═════ Provided material ═════

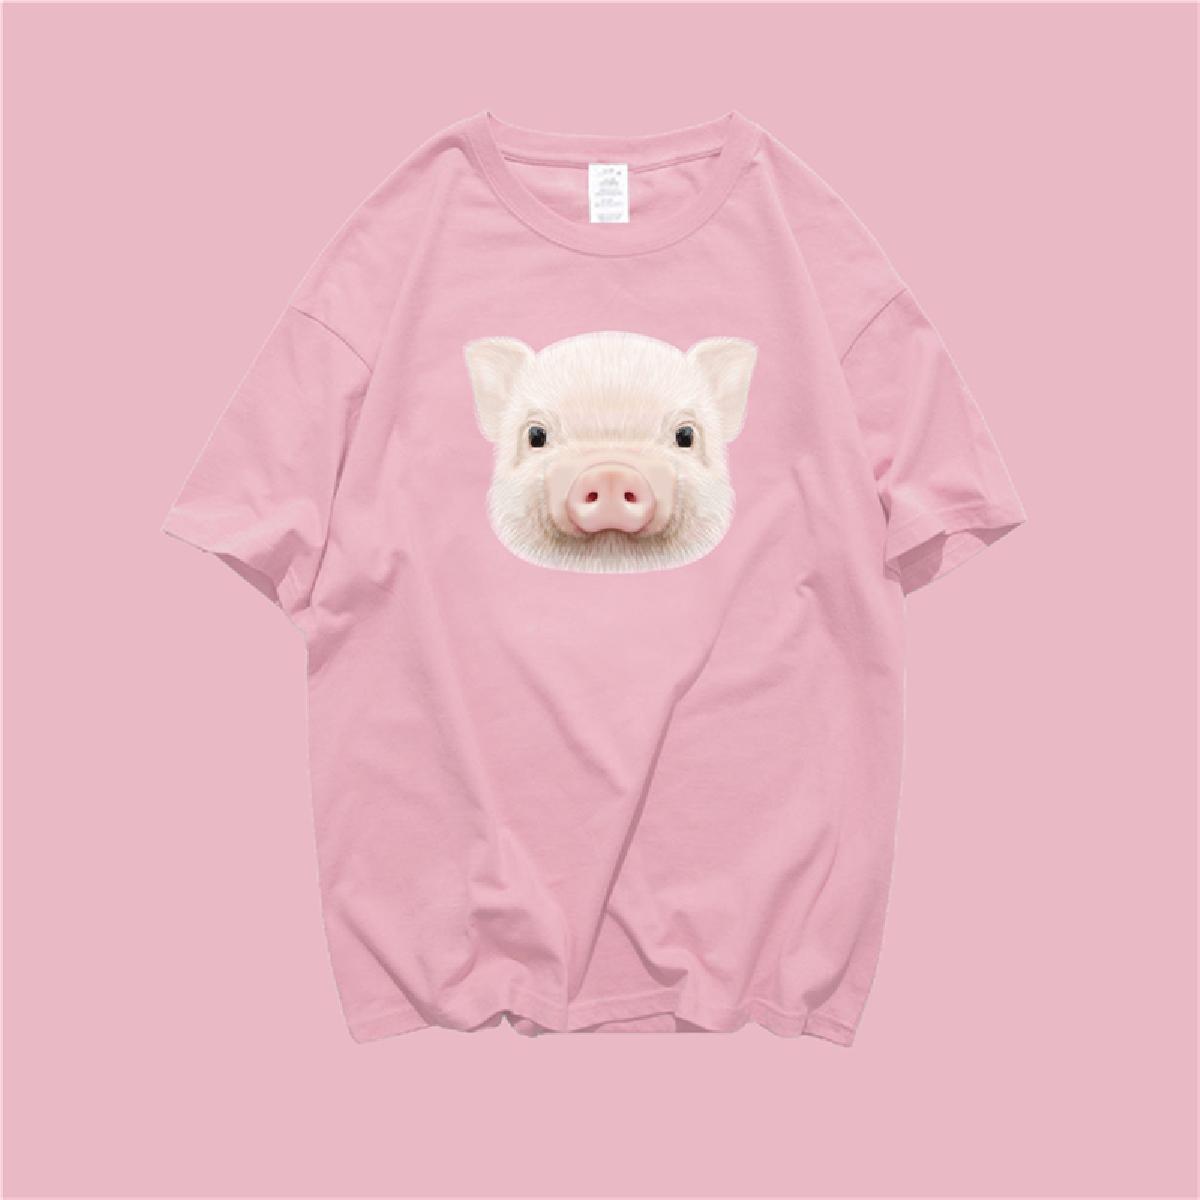 创意情侣t恤 猪猪可爱情侣短袖ins超火潮创意T恤男女纯棉百搭宽松网红克油同款_推荐淘宝好看的女创意情侣t恤
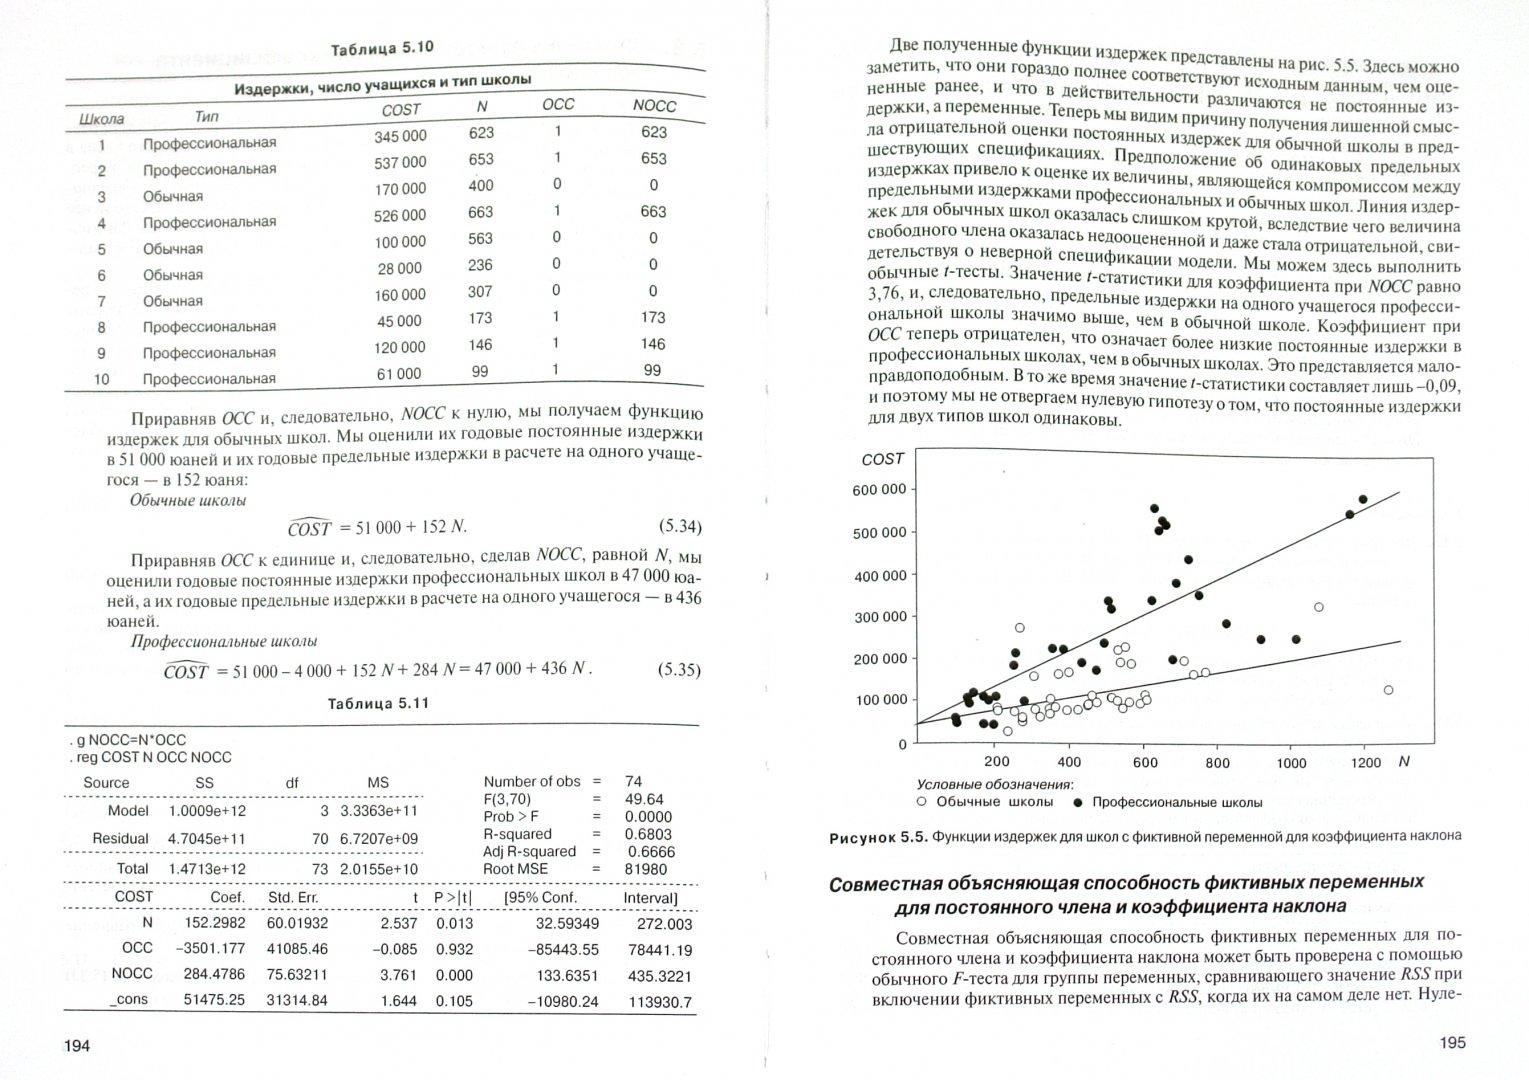 Иллюстрация 1 из 11 для Введение в эконометрику - Кристофер Доугерти | Лабиринт - книги. Источник: Лабиринт
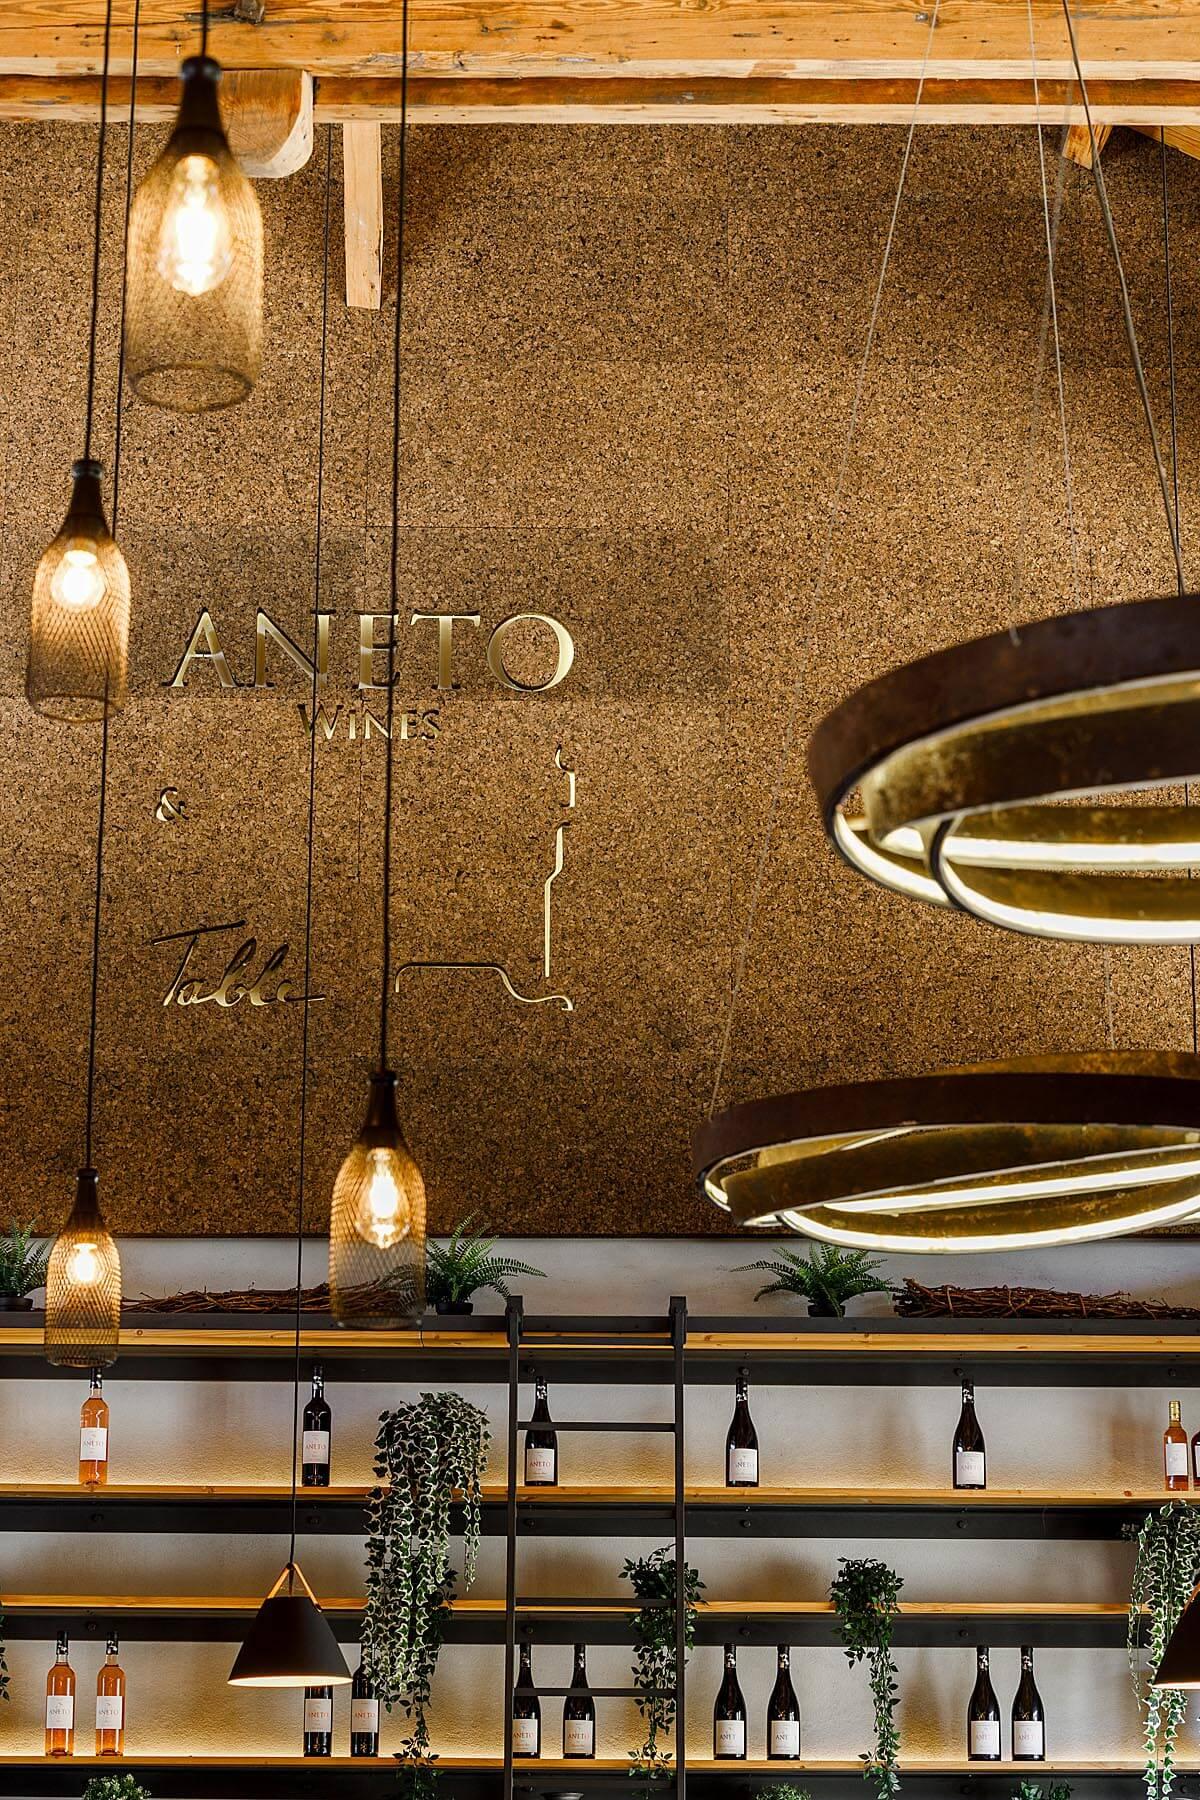 Aneto & Table Restaurante
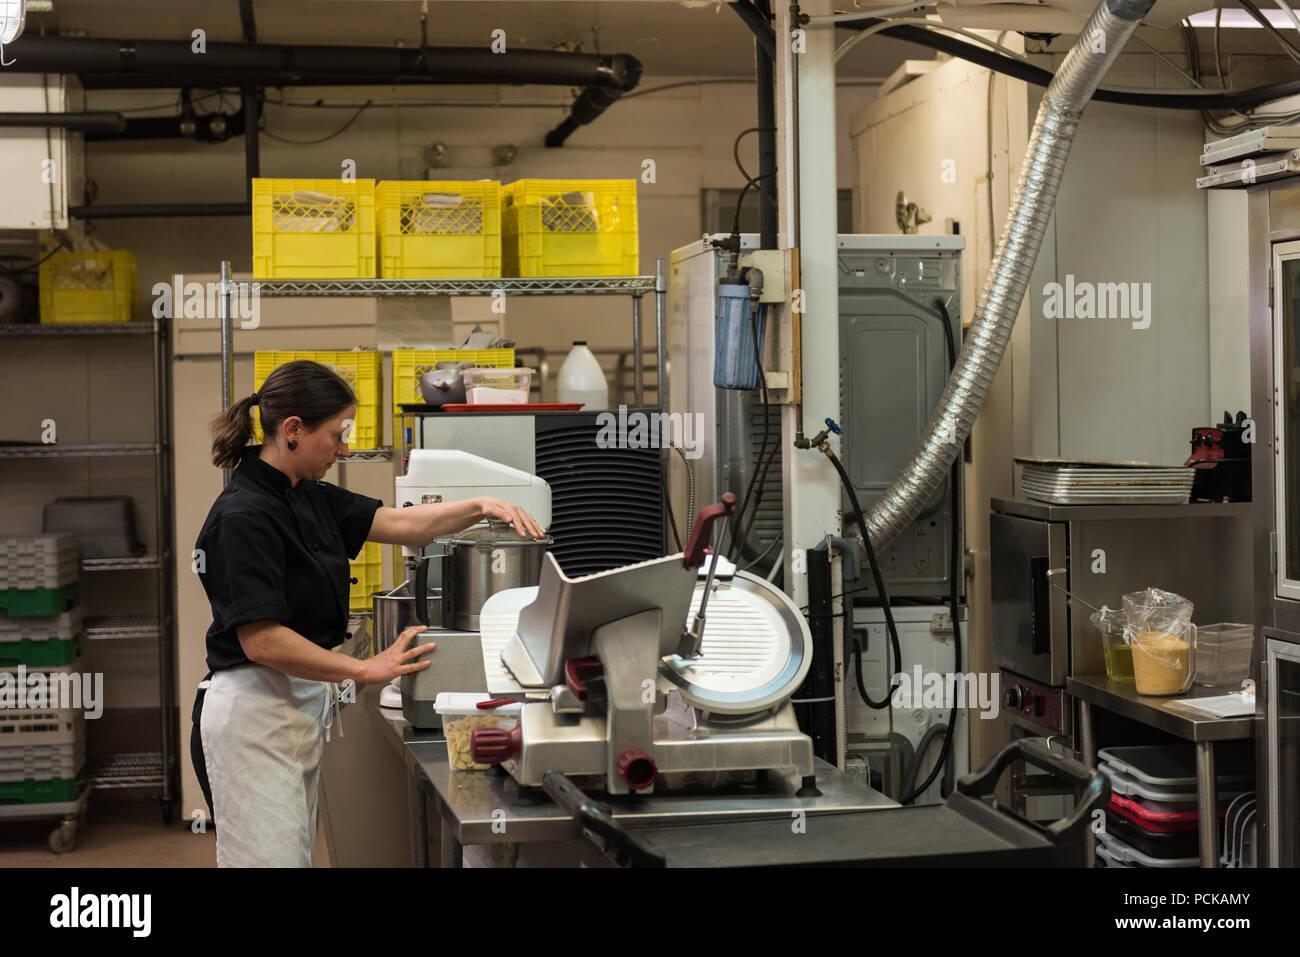 Chef utilizando una muela en una cocina comercial Imagen De Stock

═════

* _Prompt_:
All lines from the one holding "Aneto & Table Restaurante" through the last line of the material above should be set down exactly, and the pictures should be left out.

* _Result for this task_:
 Aneto & Table Restaurante
 Chef utilizando una muela en una cocina comercial Imagen De Stock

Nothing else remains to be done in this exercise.